**YOUR TASK:**
Exactly as written, return every line of the data below apart from the pictures.

**DATA SEGMENT:**

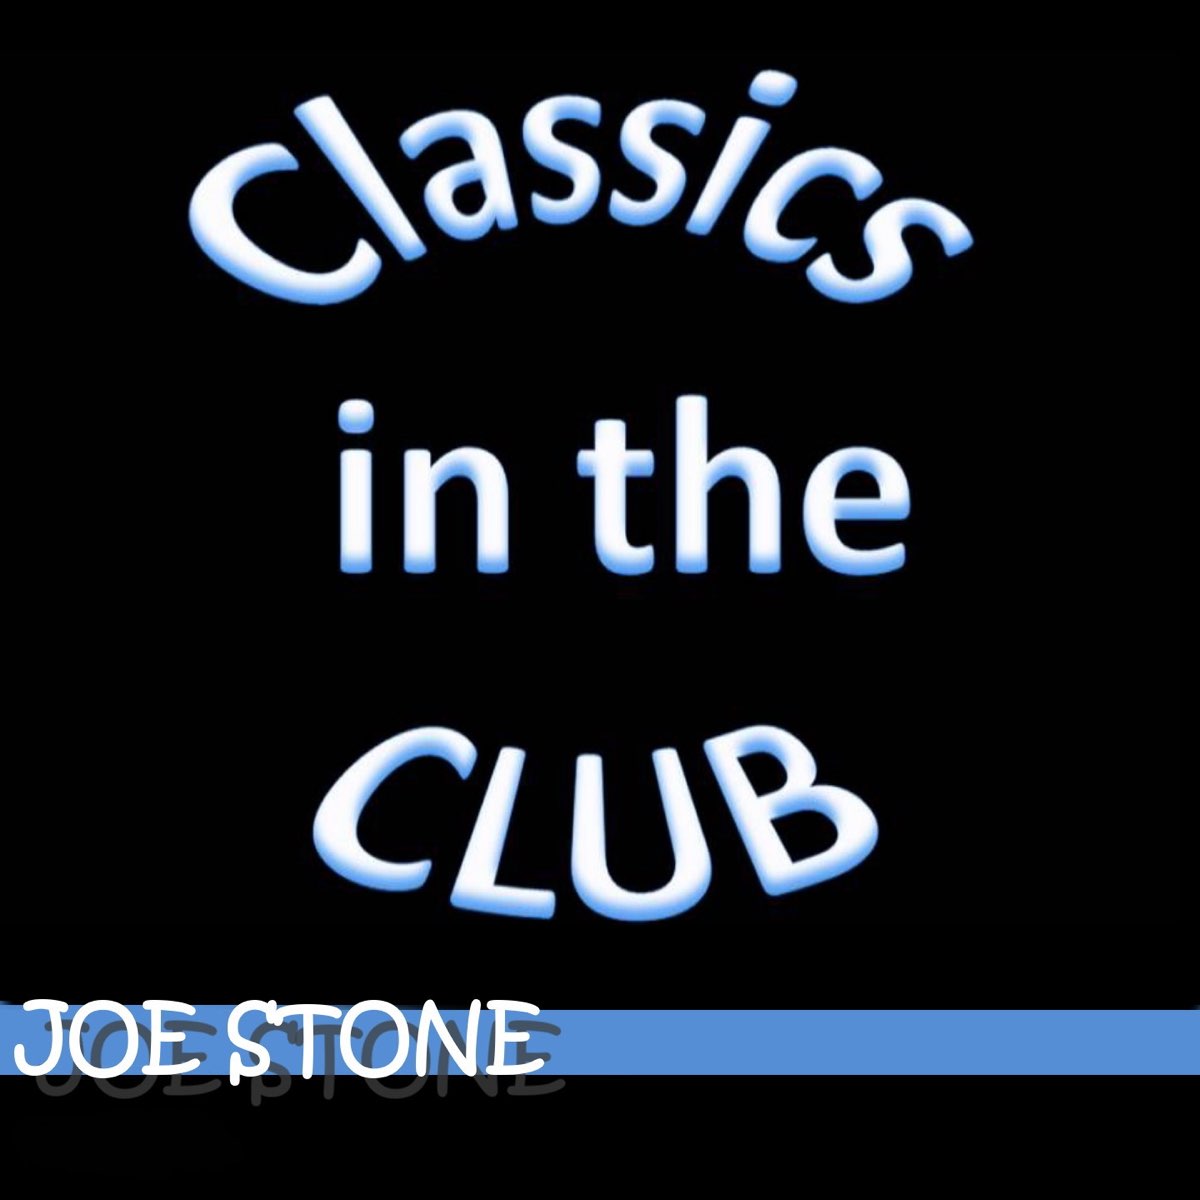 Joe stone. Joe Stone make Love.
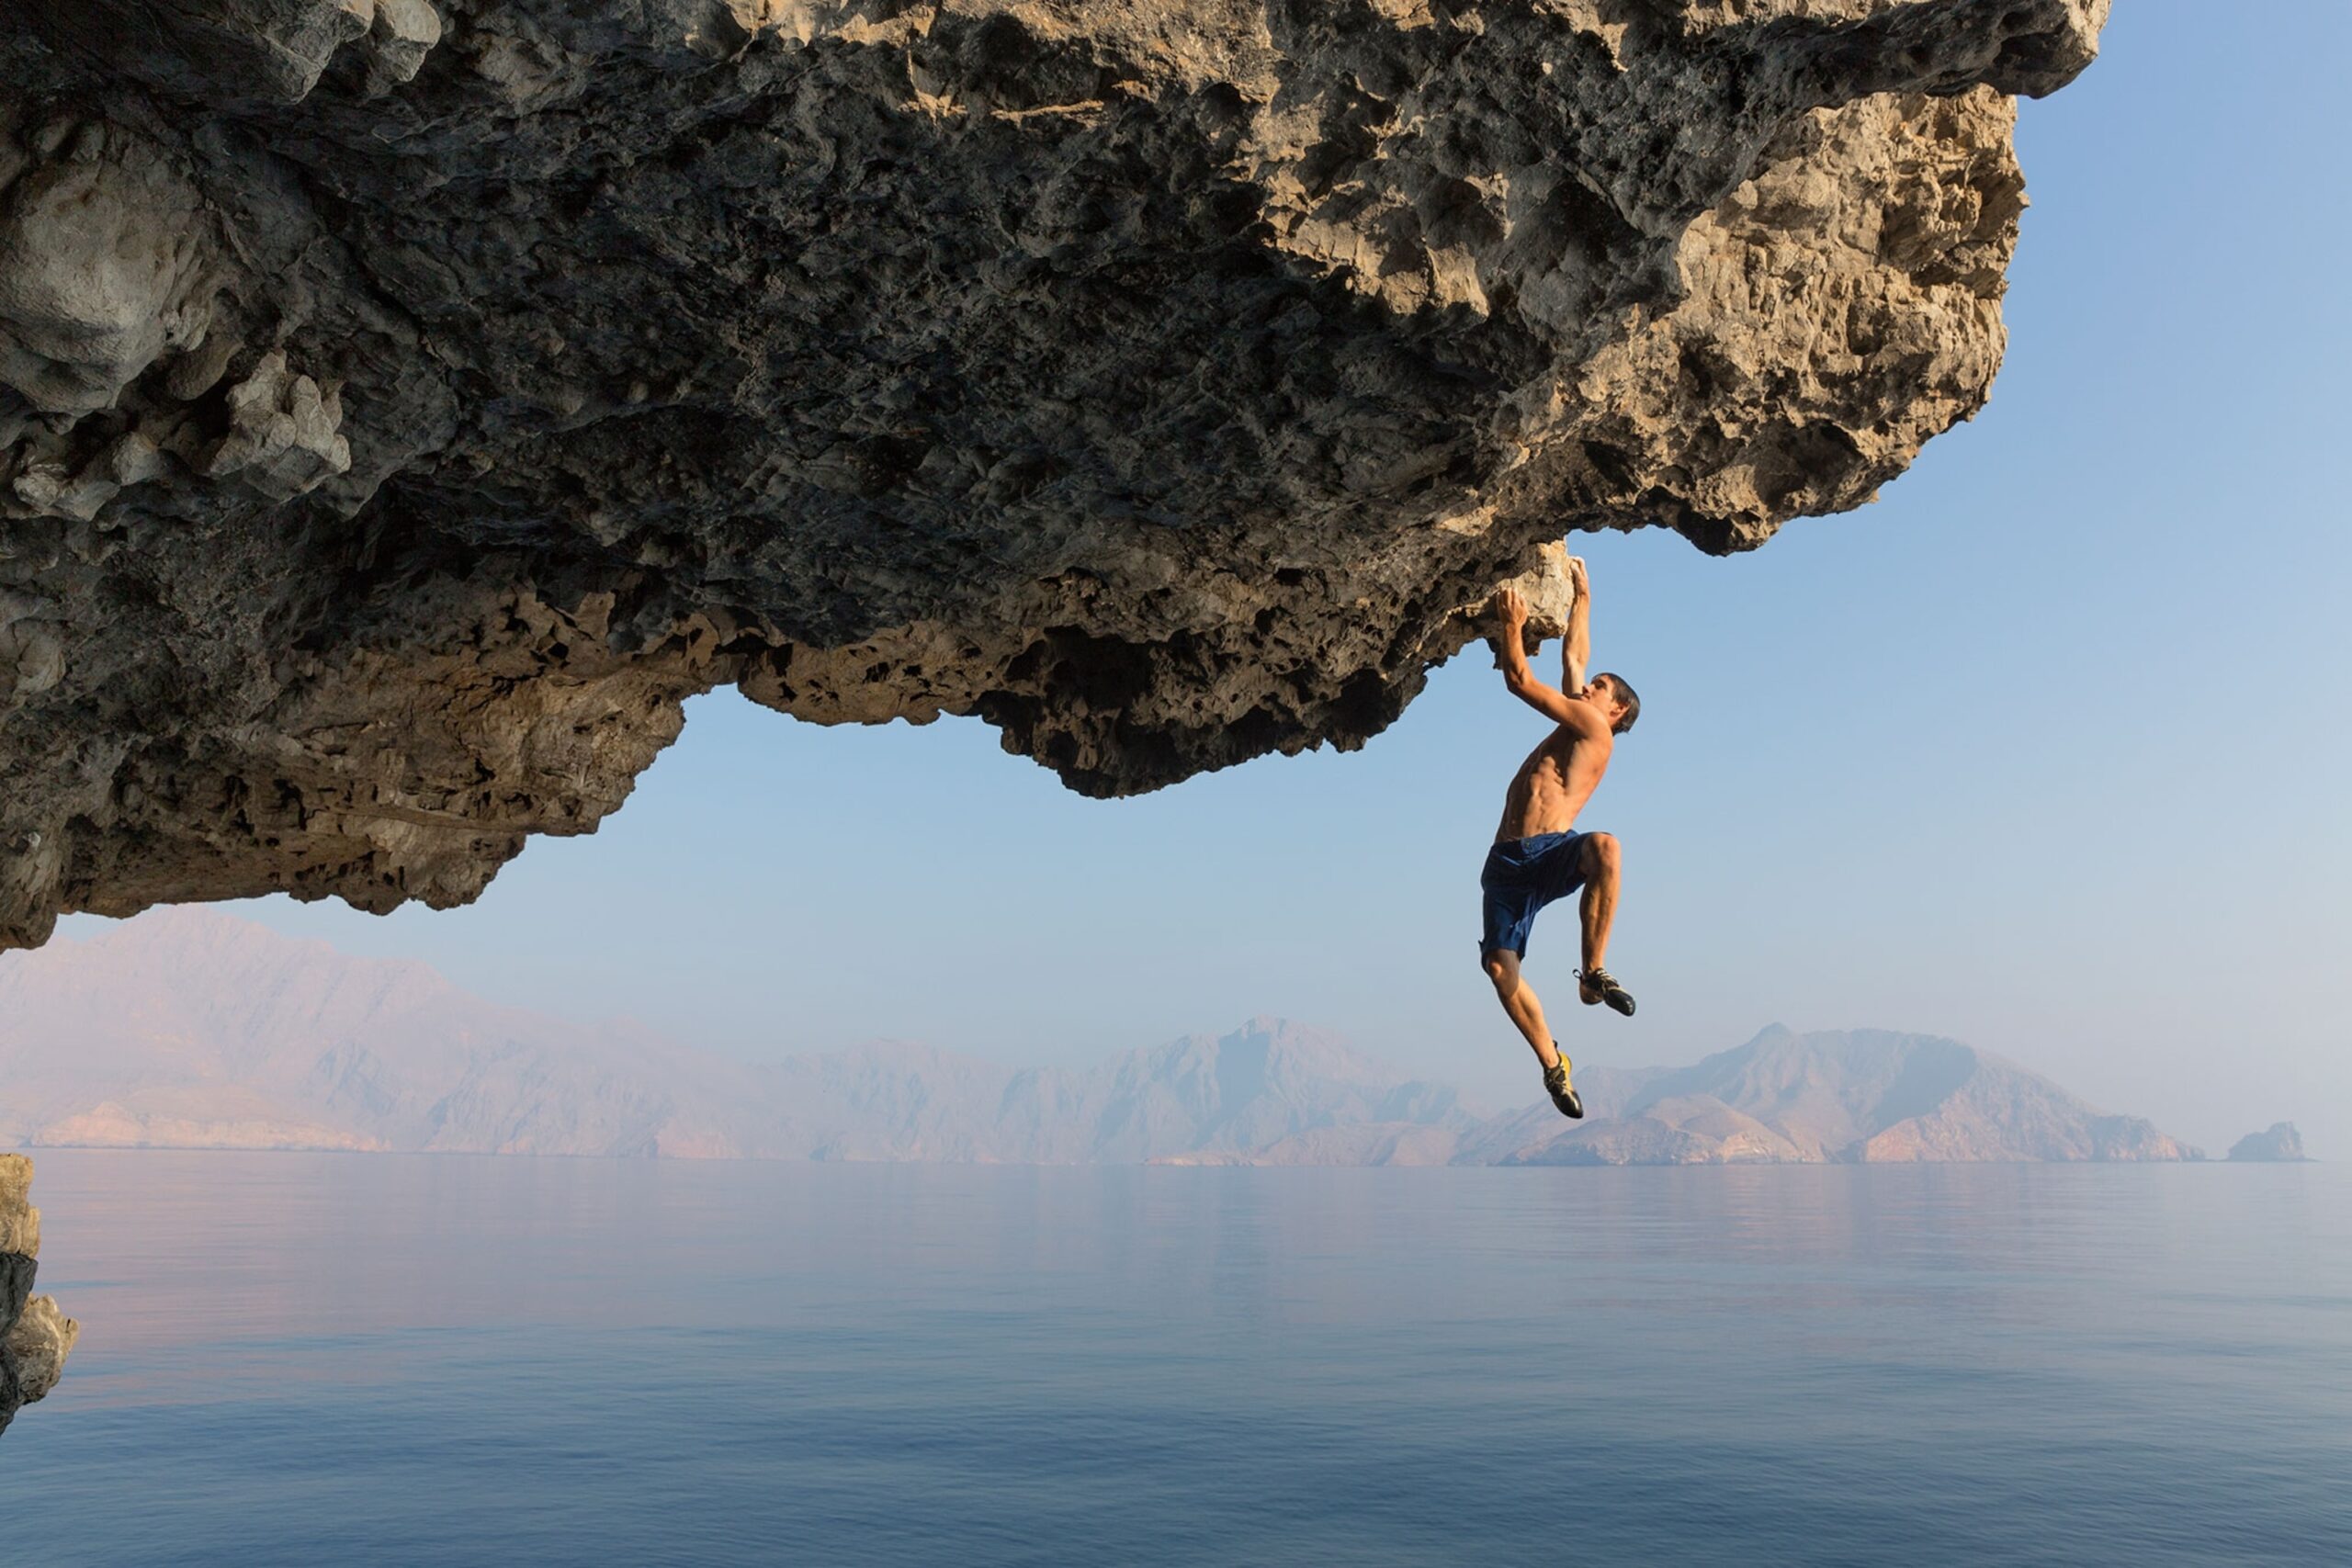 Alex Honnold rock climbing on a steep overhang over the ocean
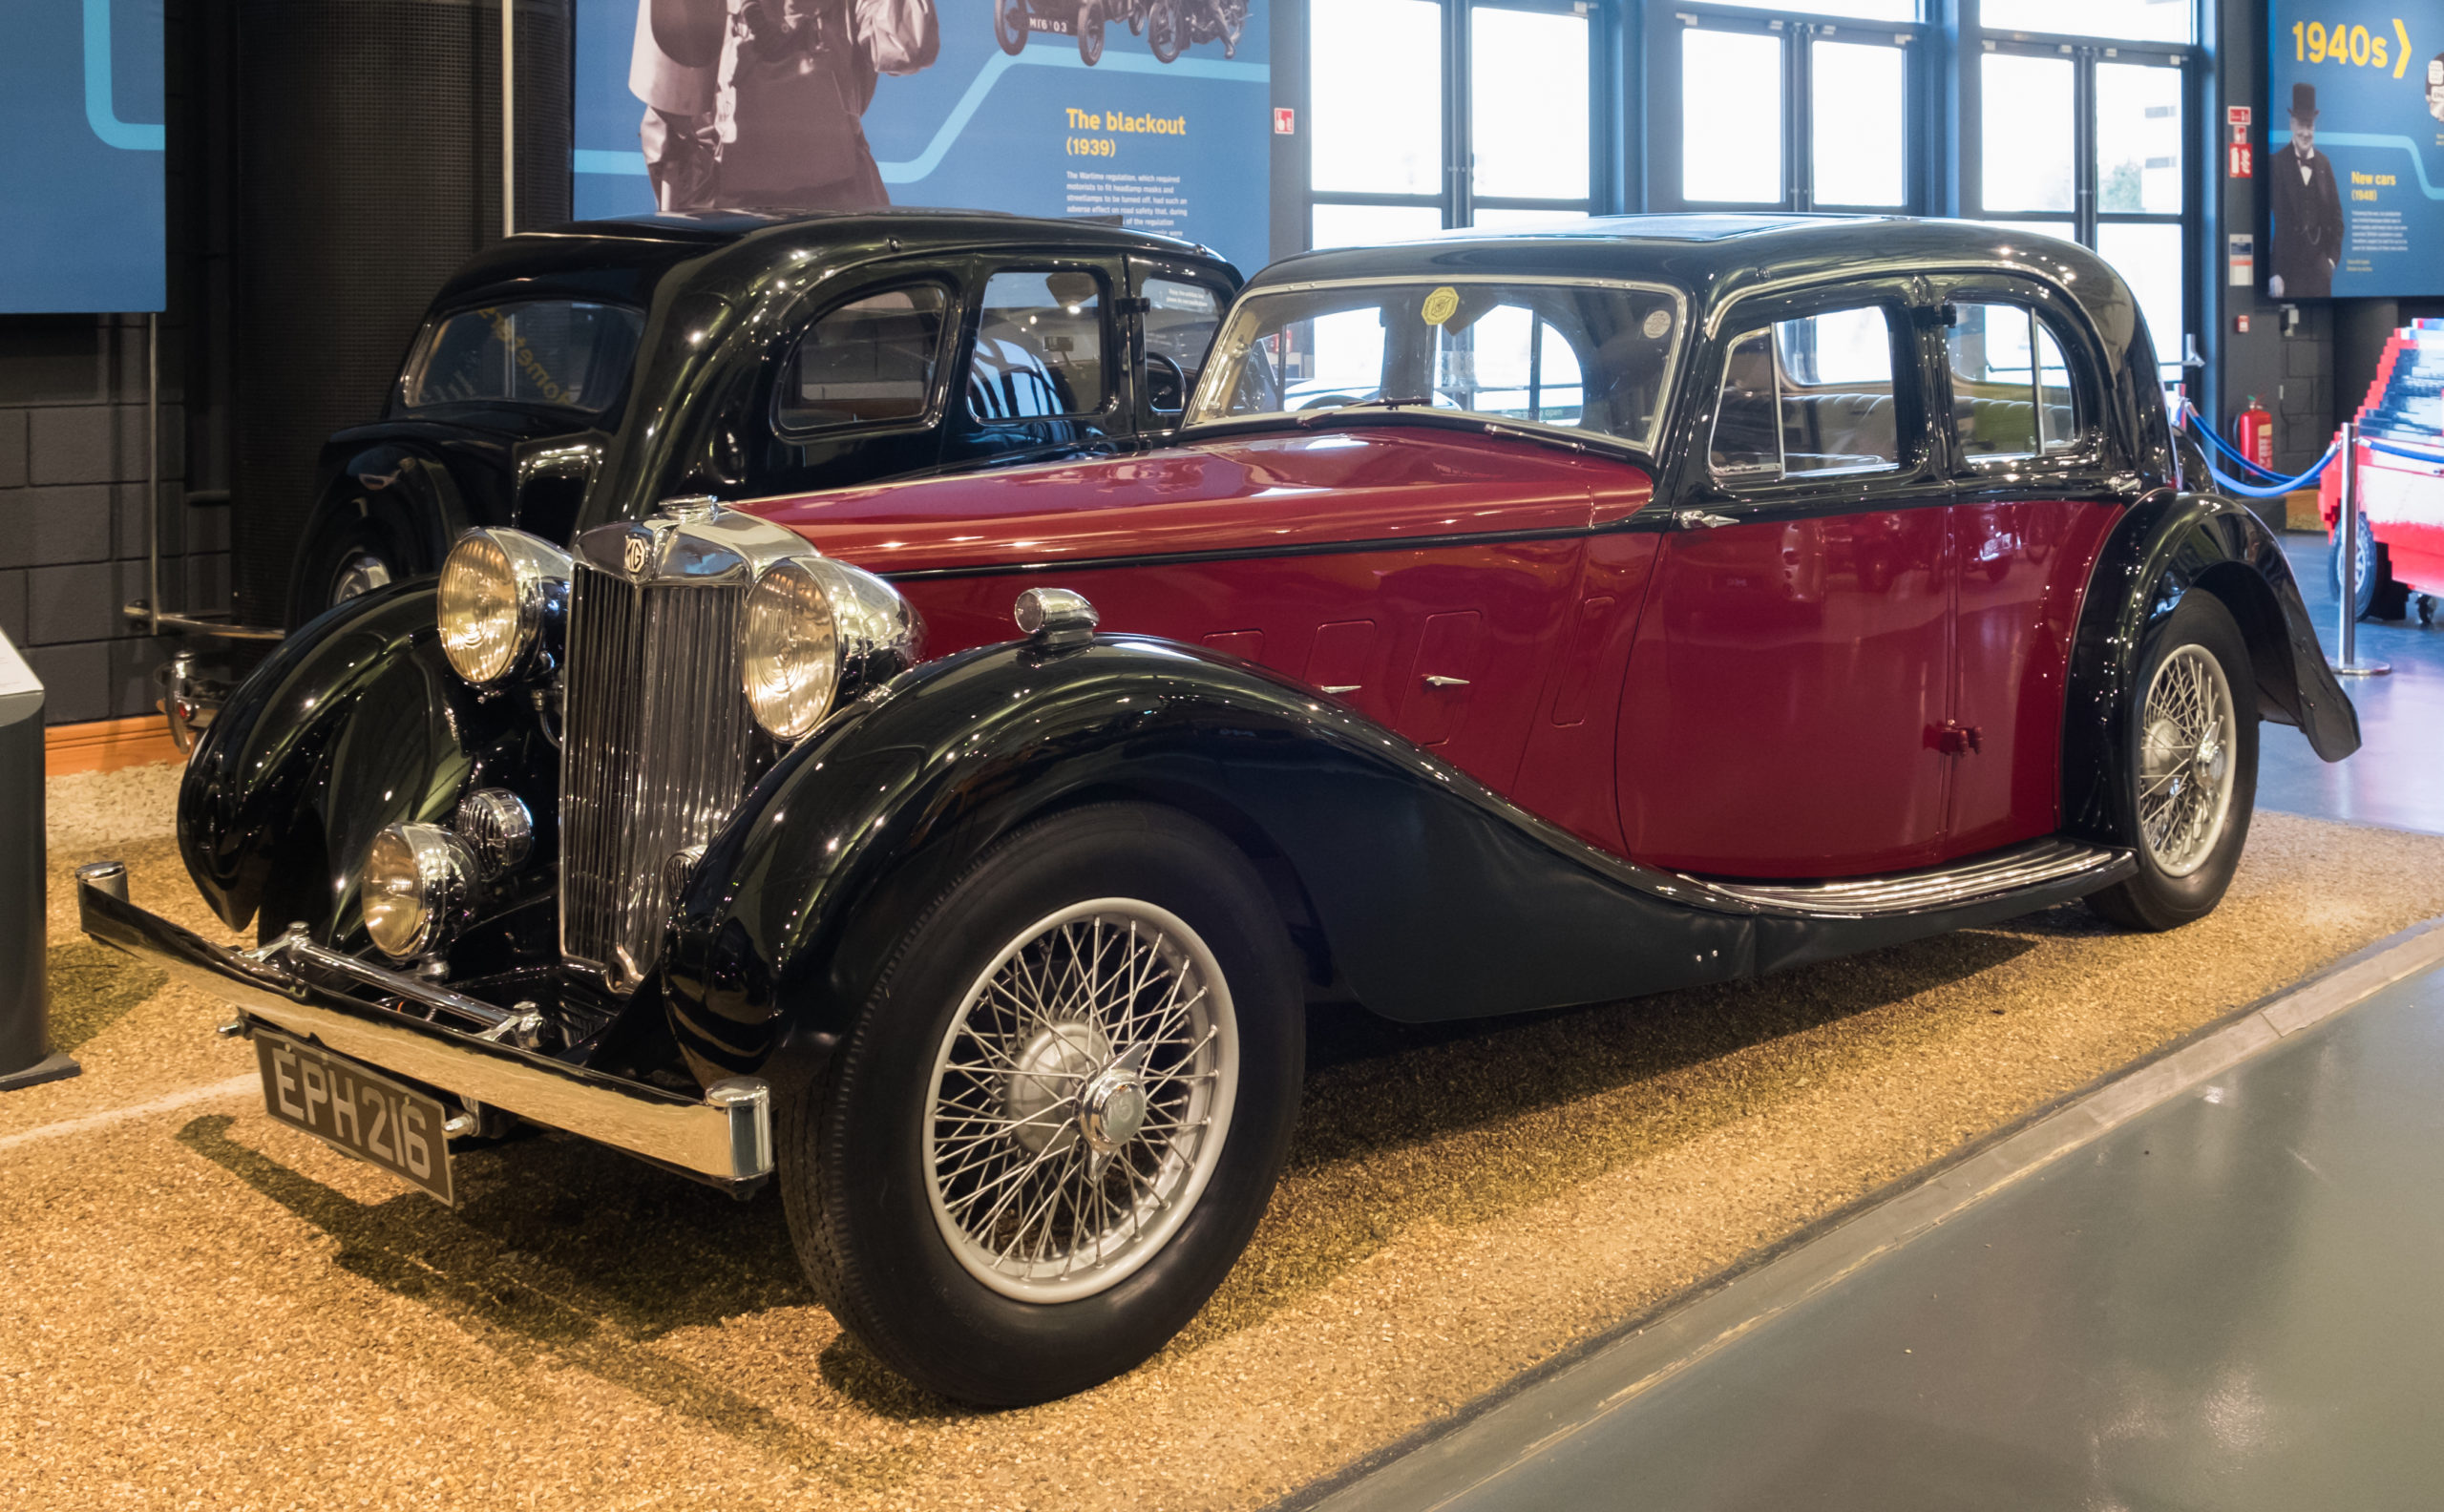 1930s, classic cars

**RESPONSE AREA:**
 Joe stone. Joe Stone make Love.
 Alex Honnold rock climbing on a steep overhang over the ocean
 1930s, classic cars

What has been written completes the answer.